In Q2 2011, annualized ROEs were 9.8%. From 2006 to mid 2011, ROEs averaged 9.7%. I measured this by using CAGR on book/share, the best true measure of long term ROEs in my opinion. You really have to ignore management’s “Operating EPS” and even have to be careful with GAAP EPS. The reason for such low ROEs? Low interest rates worldwide and wider credit spreads that impacted results in 2008-2009. This business benefits from accounting that obscures its true returns.

What you are buying

Given that book value is $12BB, and that they have $93BB in cash and investments, you are really buying a zero cost interest bank that is around 6.75x leveraged. Leverage is actually reasonable, but unfortunately they have chosen to invest in the wrong spots worldwide. Paying a big premium to book seems like a bad idea. Paying a reasonable price to book could make this a homerun. I would personally really load the boat at $25. It’s a solid franchise, and really in a low default world, is a money making machine. The problem is, they own the very securities I deem likely to default or at least will continue to hurt them. Bailout after bailout in Europe only prolongs problems with the banking system there. Do you really want to get in front of this?

Final notes

I am not an insurance guy. I struggled to make sense out of the statutory filings. Feel free to add color or insight if you have this kind of expertise. Also, if you are a US investor, then understand that 75% of their portfolio and their business is denominated in yen. If Japan’s currency ever breaks down, then the hit to AFL would be painful. Their biggest portfolio position is in JGBs, Japanese Government Bonds. Not a lot to like there, yields are tiny, Japan's Debt/GDP is the highest in the world, and their population is aging as well as actually declining. Structurally there isn’t much hope for Japan long term, yields there eventually will go up, perhaps by a lot.
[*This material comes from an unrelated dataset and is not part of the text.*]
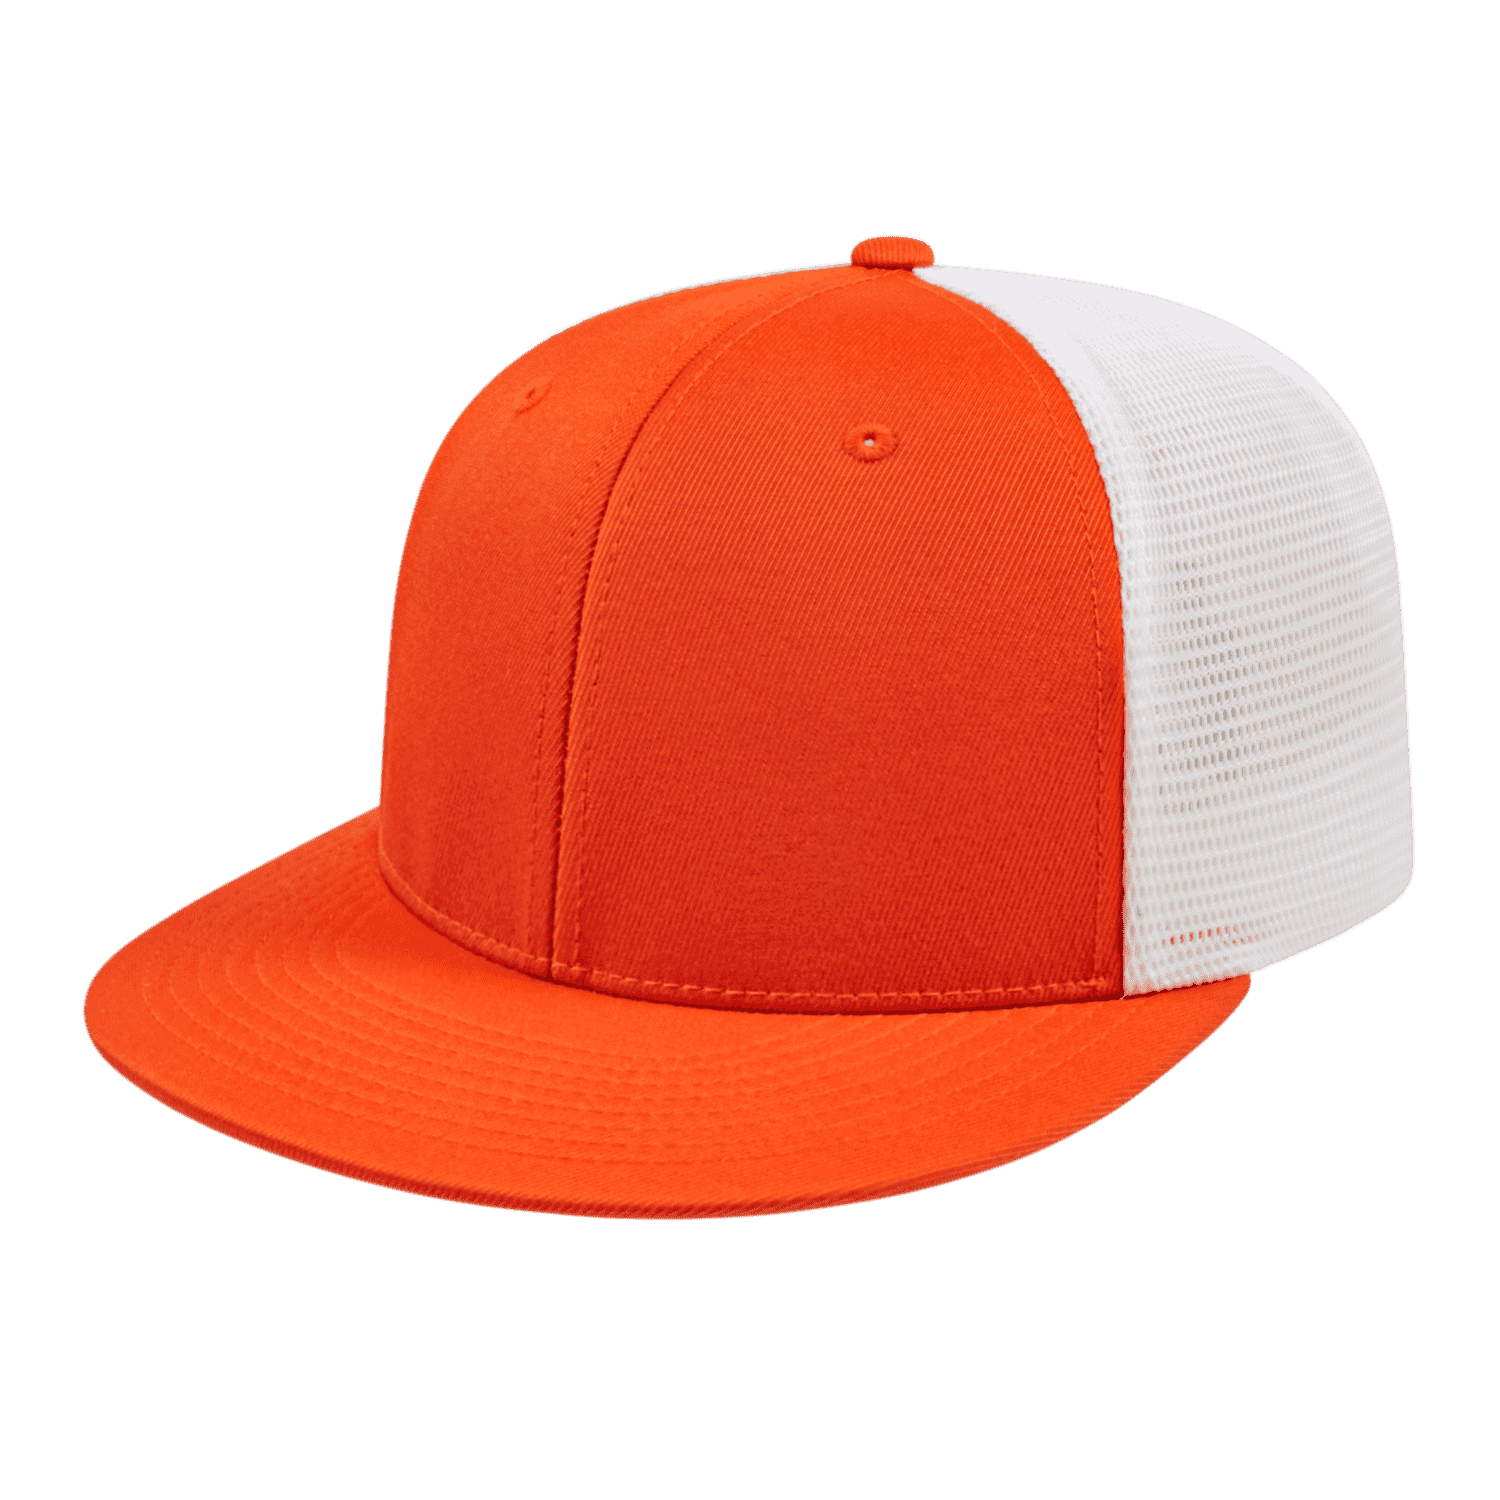 Cap America i8501 Flexfit Performance Trucker Mesh Back Cap - Orange W

I would conclude by saying I am a better buyer today, gun to my head. But you might get a chance to buy this for cheaper later, the trend is definitely down. Look for news of a fiscally unified Europe perhaps to save the stock. I wouldn't buy this for the dividend yield alone though, as there's way too much macro risk for 3.3%.

Disclosure: I have no positions in any stocks mentioned, but may initiate a long position in AFL over the next 72 hours.